Records from a collection:
◇ ◇ ◇ ◇

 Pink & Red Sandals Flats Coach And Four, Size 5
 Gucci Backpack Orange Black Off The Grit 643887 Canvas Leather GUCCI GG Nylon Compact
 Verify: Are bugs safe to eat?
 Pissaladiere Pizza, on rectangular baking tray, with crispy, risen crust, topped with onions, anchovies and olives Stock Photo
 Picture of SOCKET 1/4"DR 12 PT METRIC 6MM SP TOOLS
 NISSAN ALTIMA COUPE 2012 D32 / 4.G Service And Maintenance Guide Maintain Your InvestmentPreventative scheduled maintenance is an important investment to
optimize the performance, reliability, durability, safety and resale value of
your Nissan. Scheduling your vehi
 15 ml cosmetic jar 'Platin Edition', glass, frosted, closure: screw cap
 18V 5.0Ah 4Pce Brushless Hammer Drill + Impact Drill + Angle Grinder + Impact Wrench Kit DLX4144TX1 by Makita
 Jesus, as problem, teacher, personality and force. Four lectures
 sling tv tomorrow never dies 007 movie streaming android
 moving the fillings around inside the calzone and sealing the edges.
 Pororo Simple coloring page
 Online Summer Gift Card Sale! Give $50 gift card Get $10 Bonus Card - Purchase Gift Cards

◇ ◇ ◇ ◇

• [What the task asks] For the string "Four", give the number of lines in the data that contain it, and only that number.

• [Reply to the exercise] 2